Input data: Begin
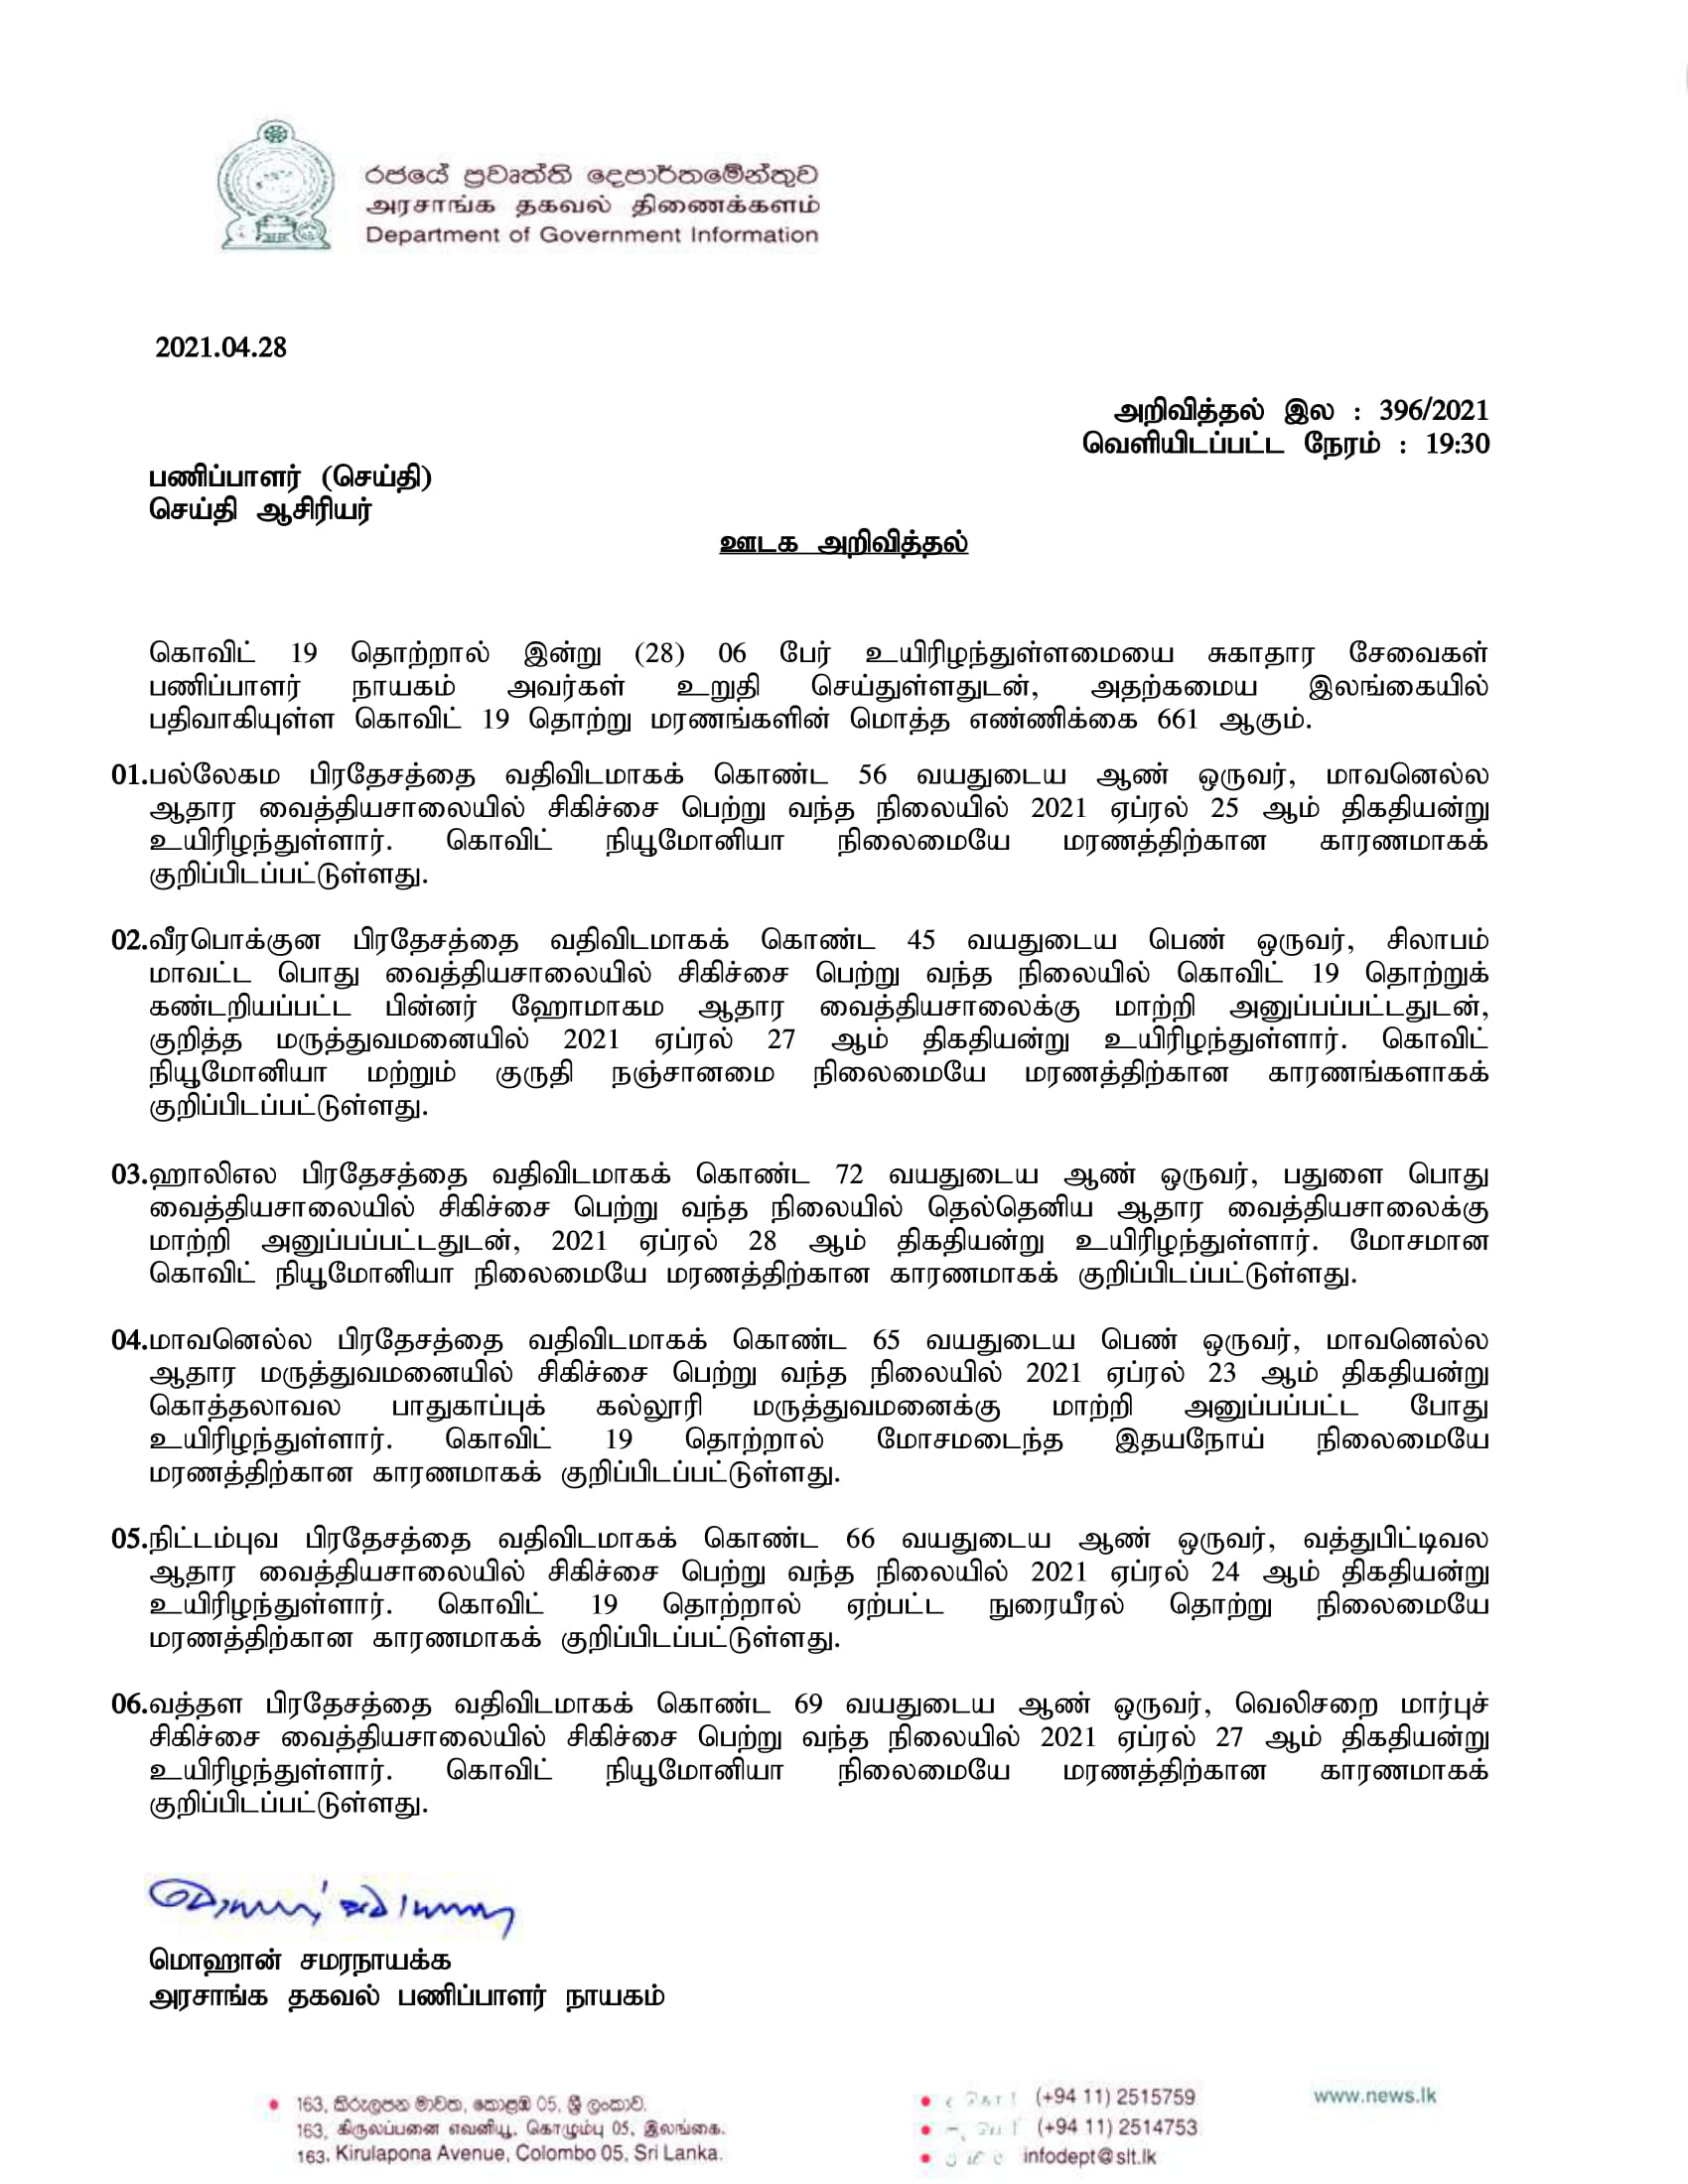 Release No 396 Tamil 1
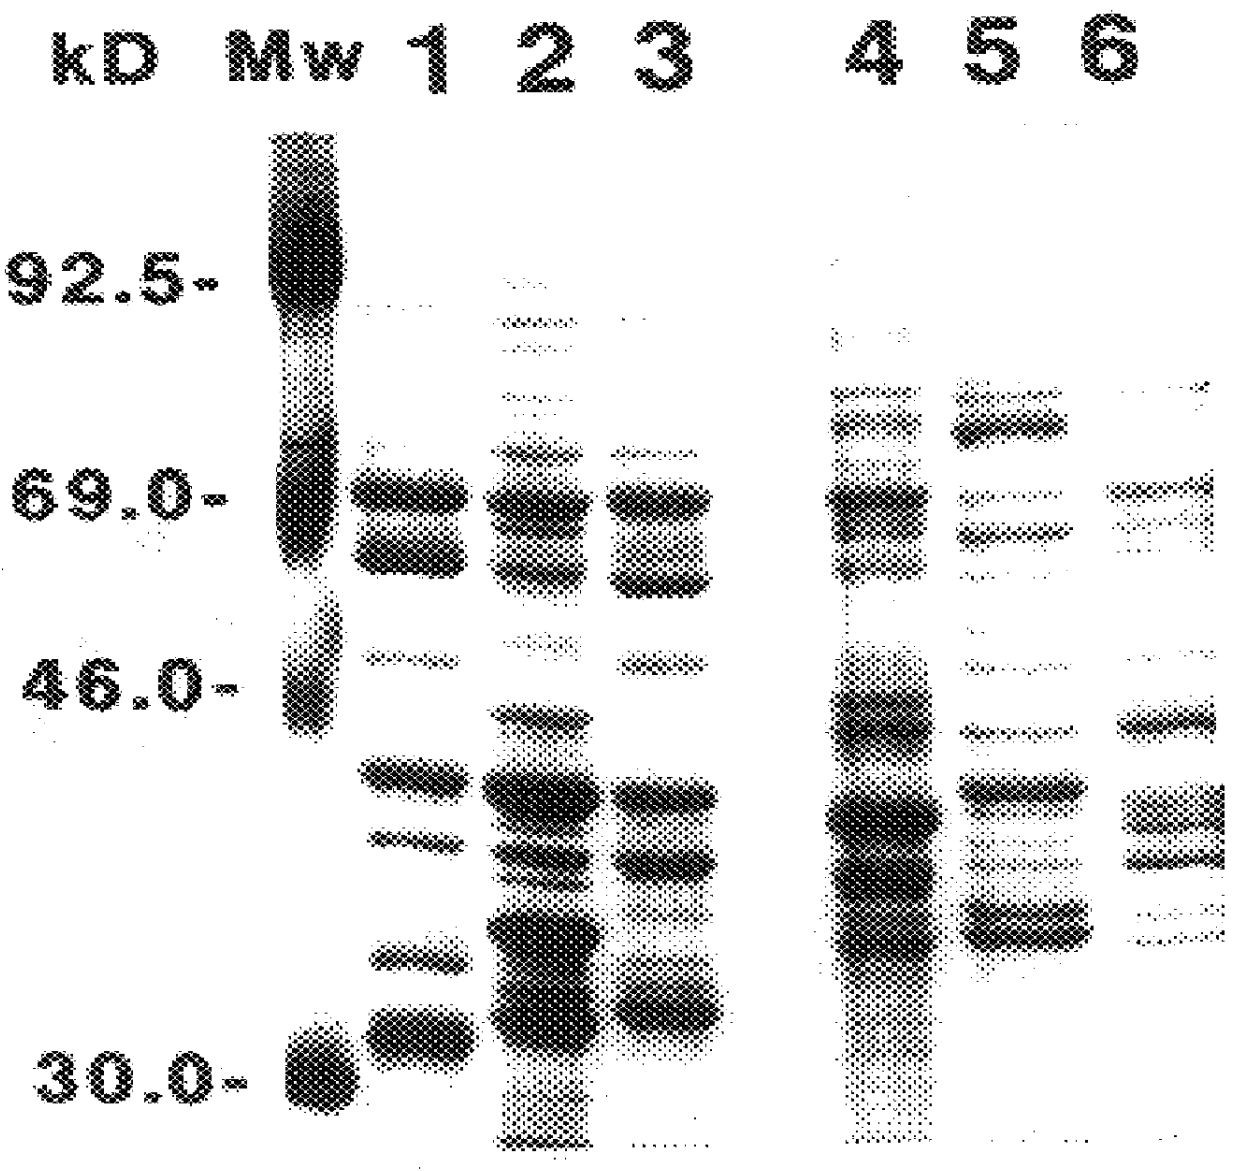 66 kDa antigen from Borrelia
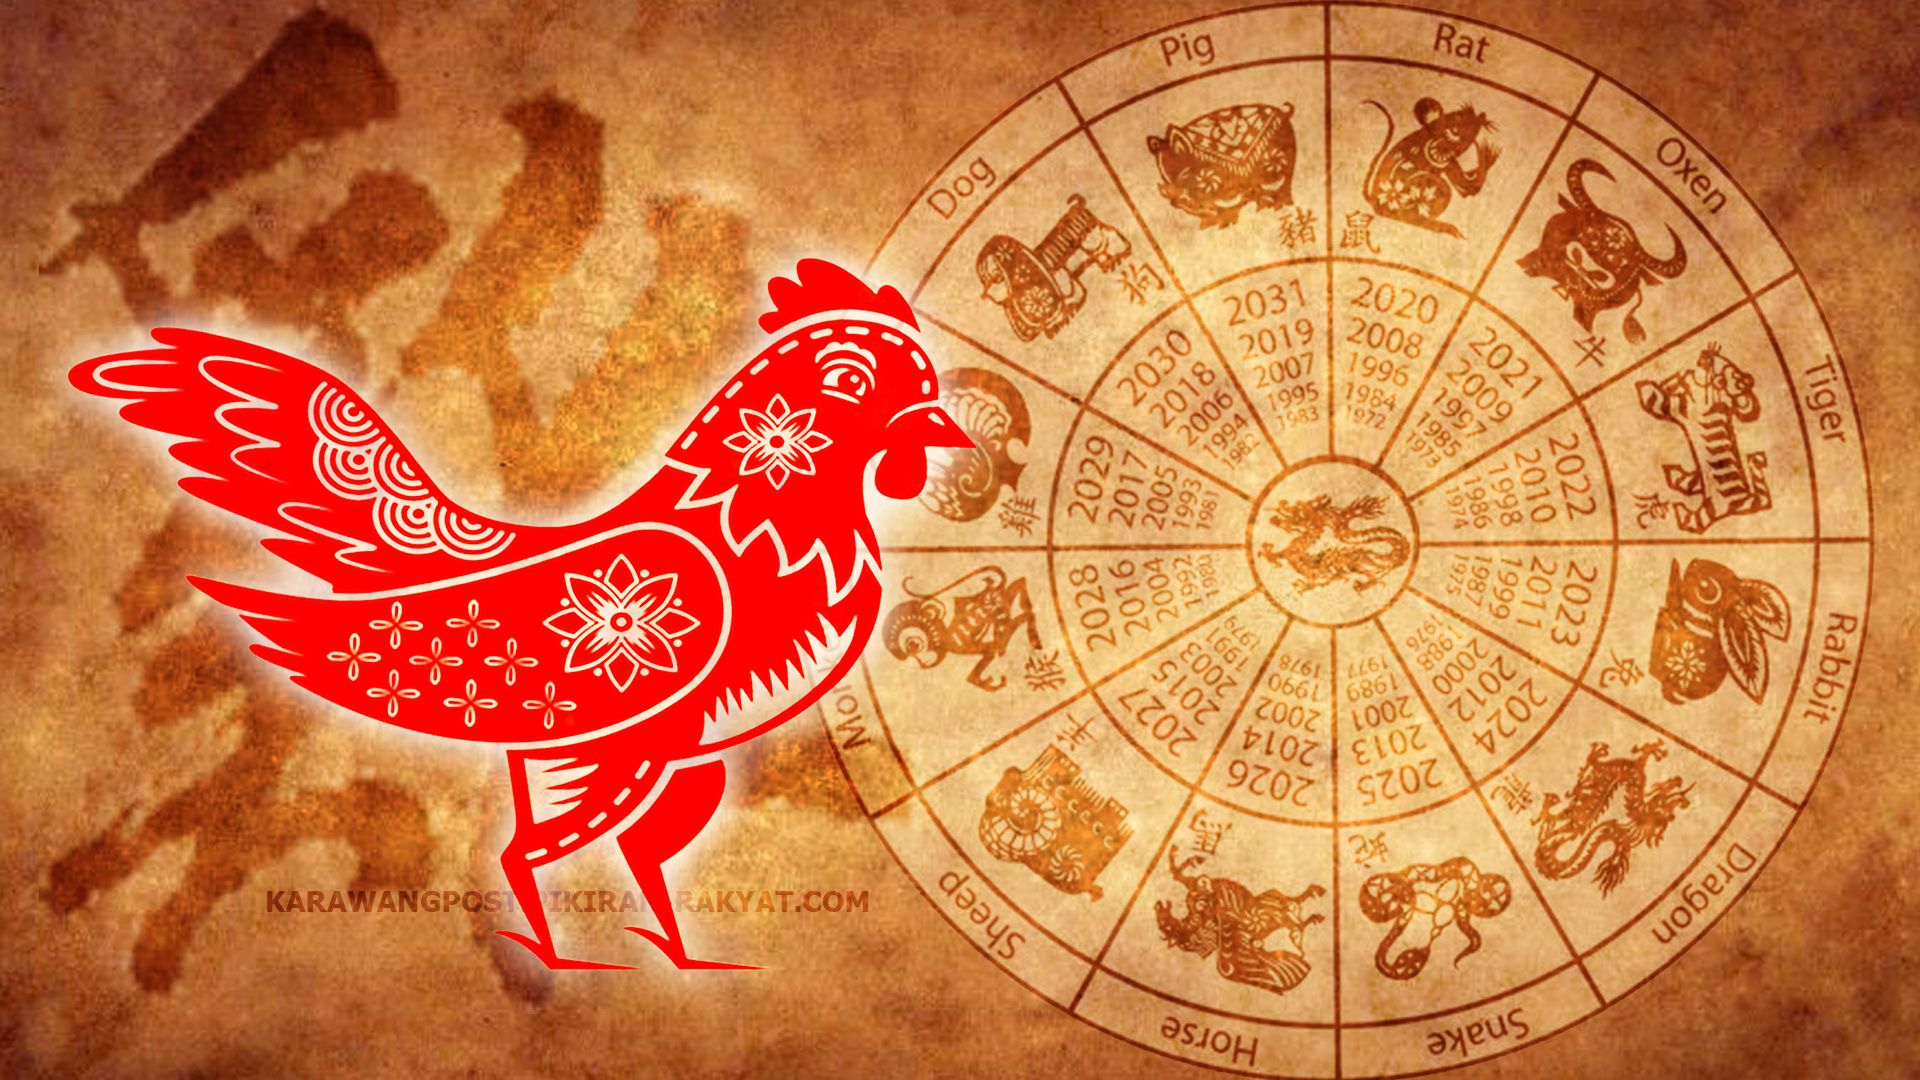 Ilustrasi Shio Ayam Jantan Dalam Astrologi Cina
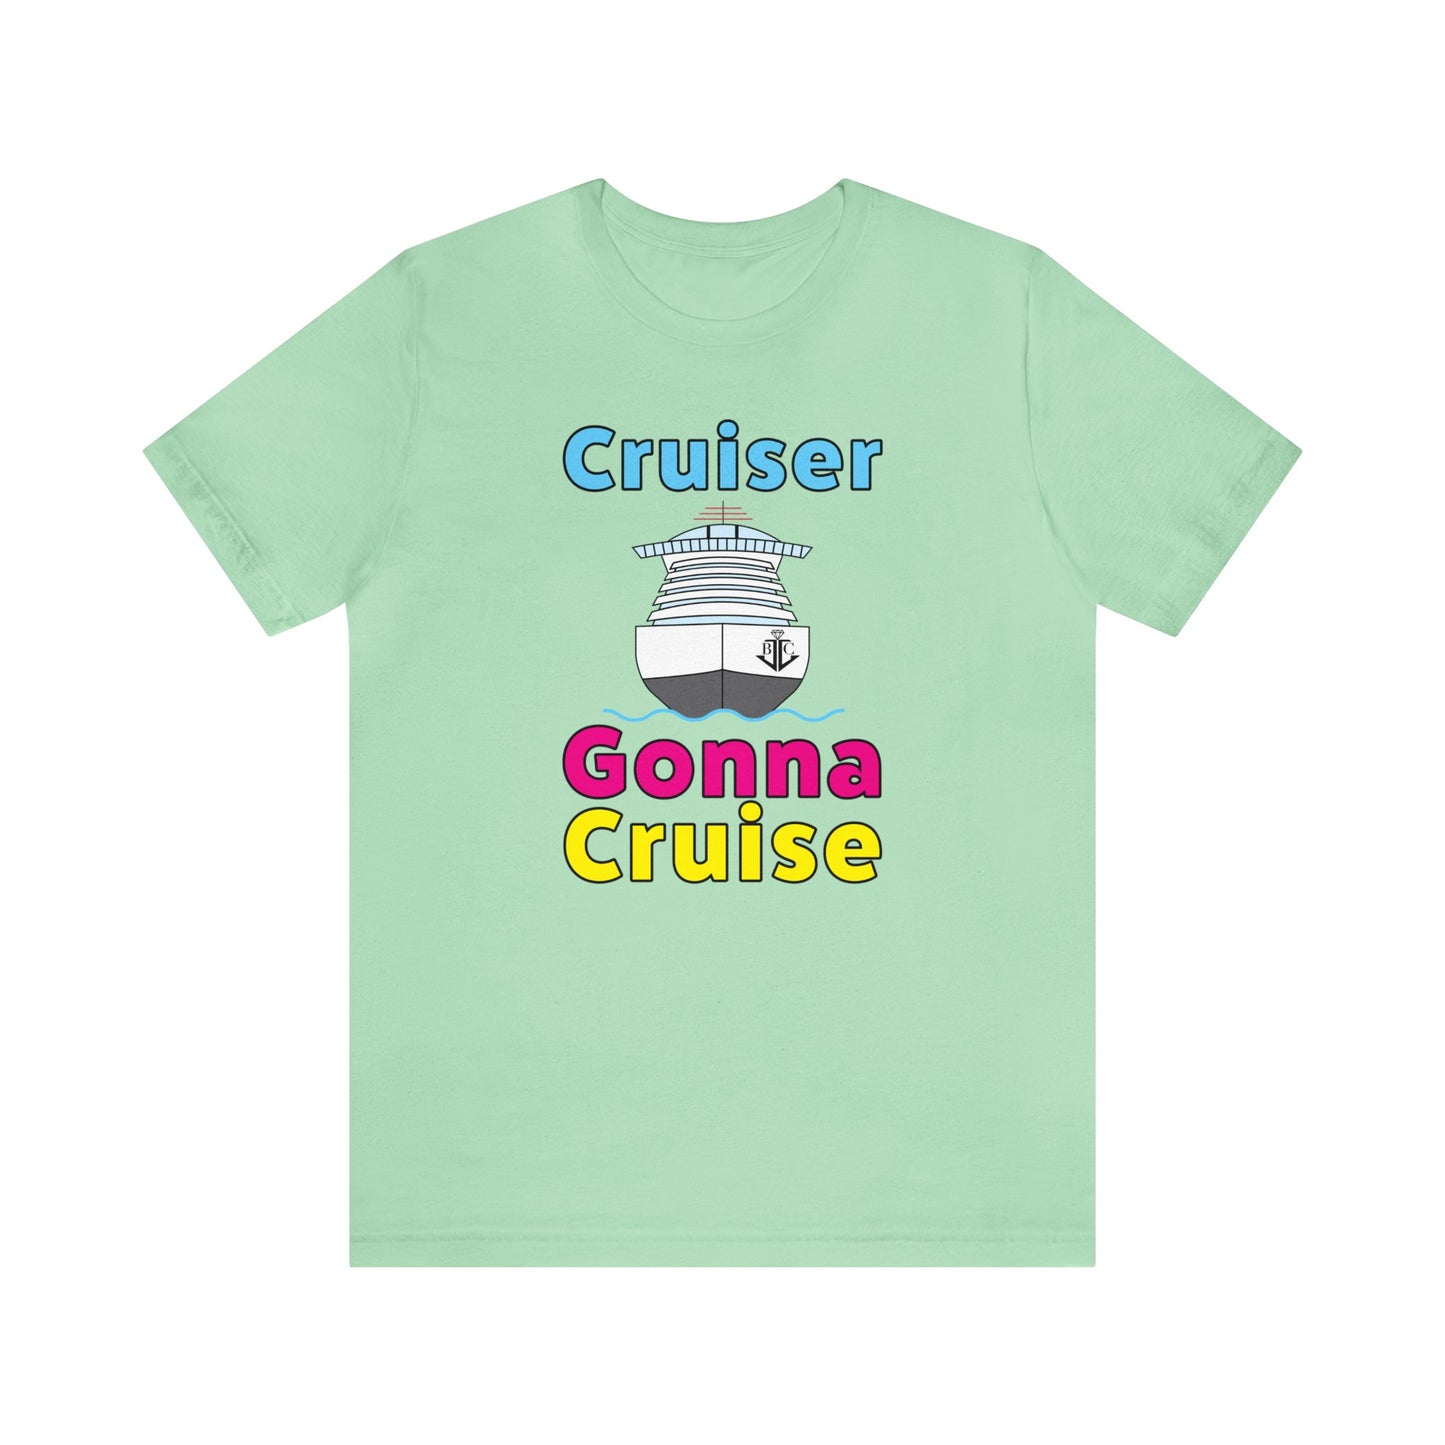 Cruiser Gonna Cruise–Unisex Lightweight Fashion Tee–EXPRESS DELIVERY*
Input data: End
- Required work -
Starting at the line that holds "Ilustrasi Shio Ayam", reproduce each line through the last one of the listing, and nothing more; the pictures stay out.

- Response below -
 Ilustrasi Shio Ayam Jantan Dalam Astrologi Cina
 Cruiser Gonna Cruise–Unisex Lightweight Fashion Tee–EXPRESS DELIVERY*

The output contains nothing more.